● Input data:
- - - - - - -
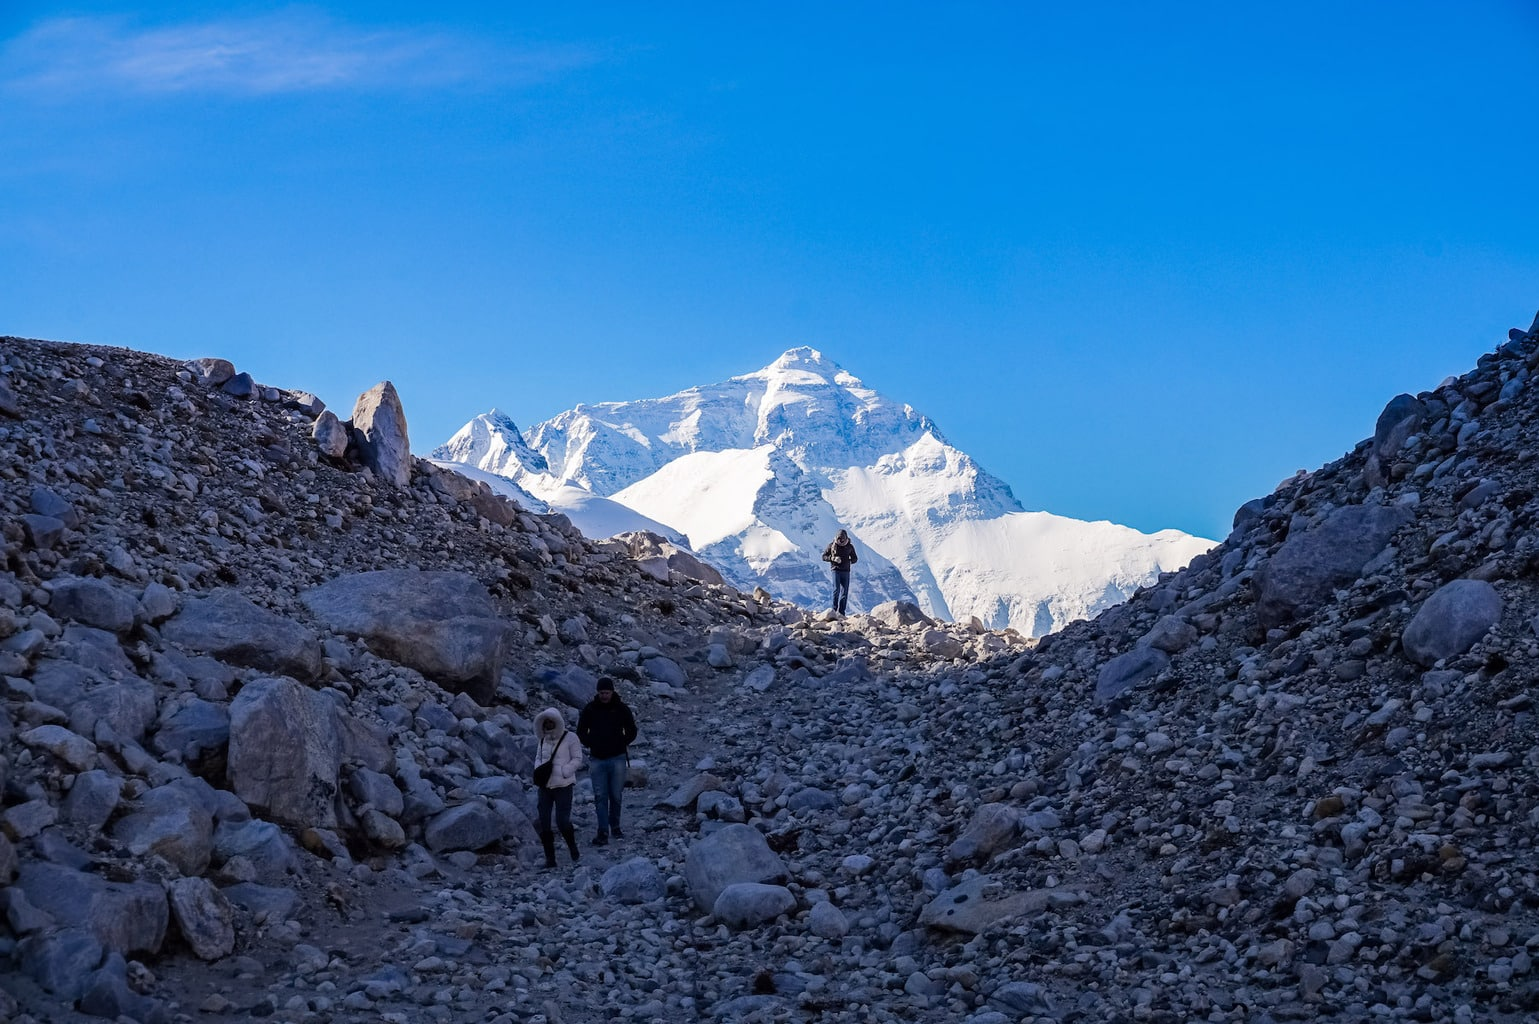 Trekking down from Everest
- - - - - - -
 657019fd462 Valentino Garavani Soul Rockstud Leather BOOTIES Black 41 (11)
- - - - - - -
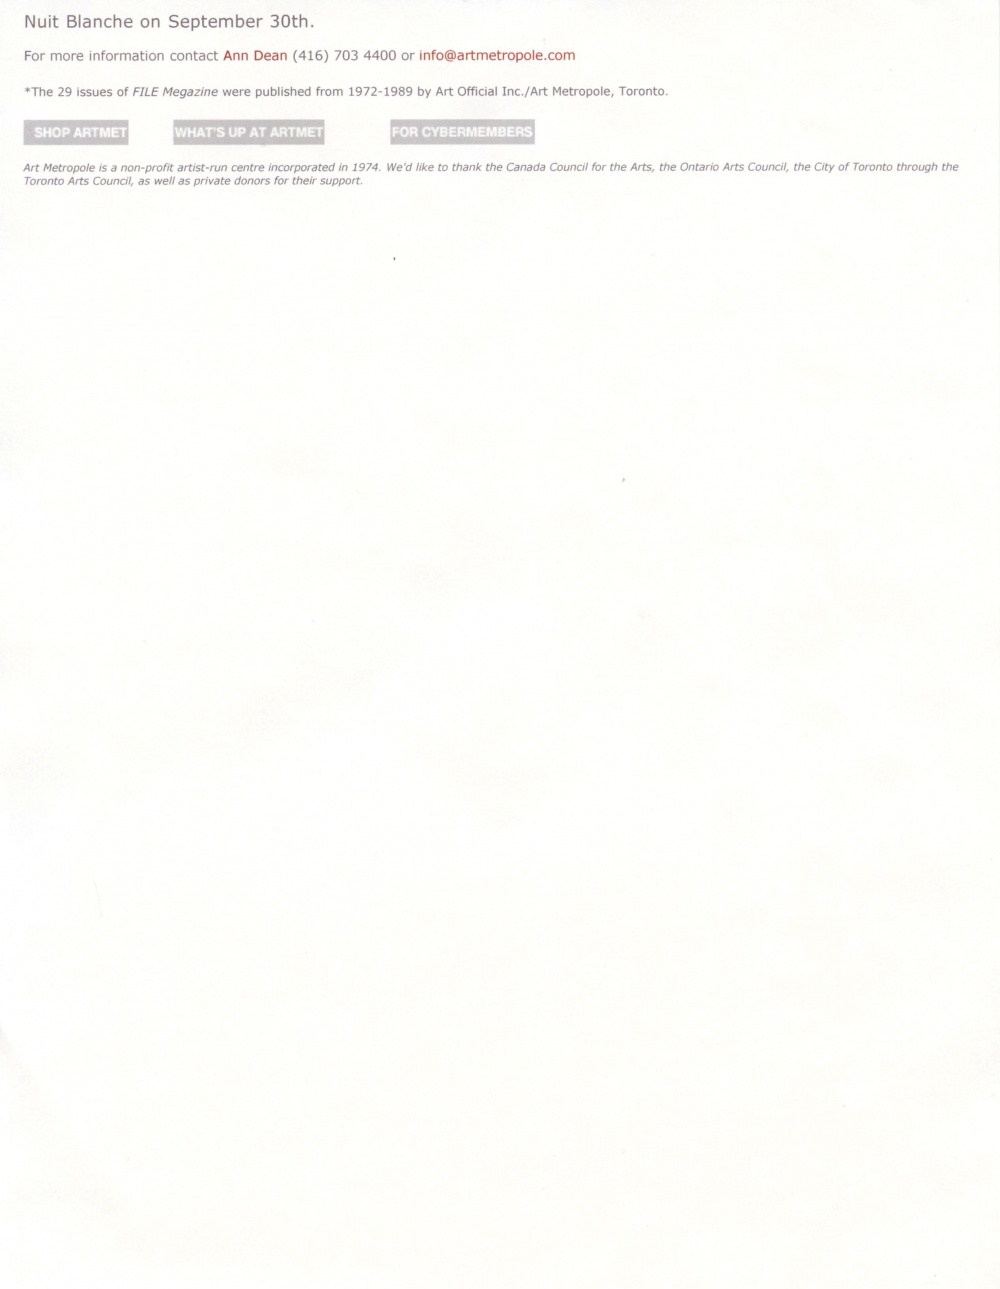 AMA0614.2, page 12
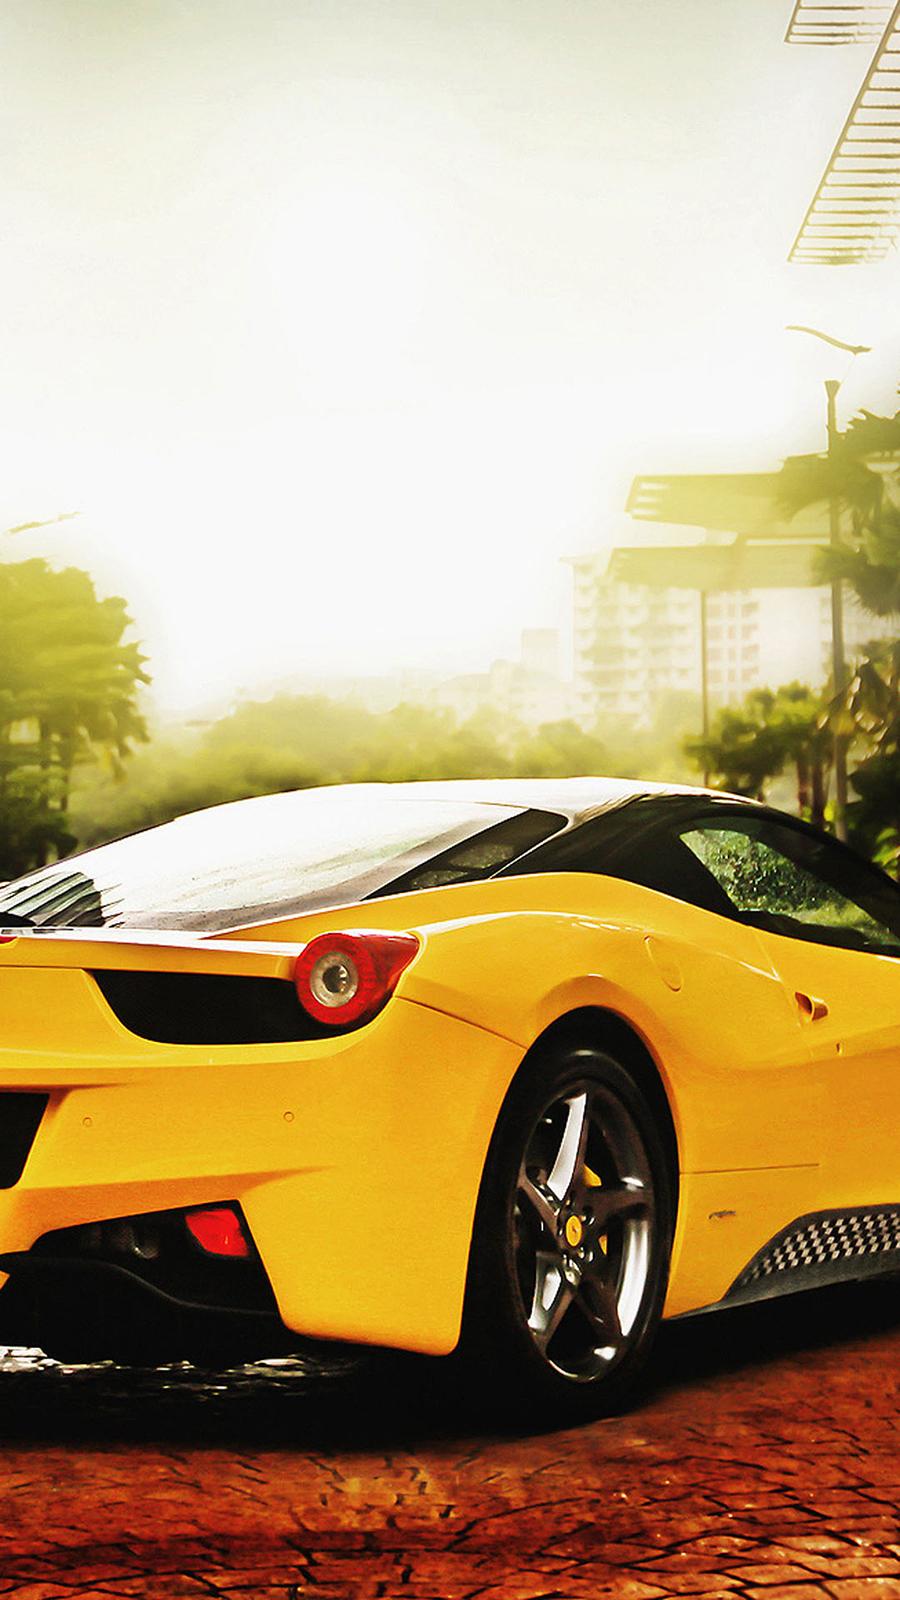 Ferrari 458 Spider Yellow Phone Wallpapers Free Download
- - - - - - -
Using the entries above, transcribe every line from the line containing "AMA0614.2, page 12" through the line containing "Ferrari 458 Spider". Do not copy pictures.

● Exercise result:
 AMA0614.2, page 12
 Ferrari 458 Spider Yellow Phone Wallpapers Free Download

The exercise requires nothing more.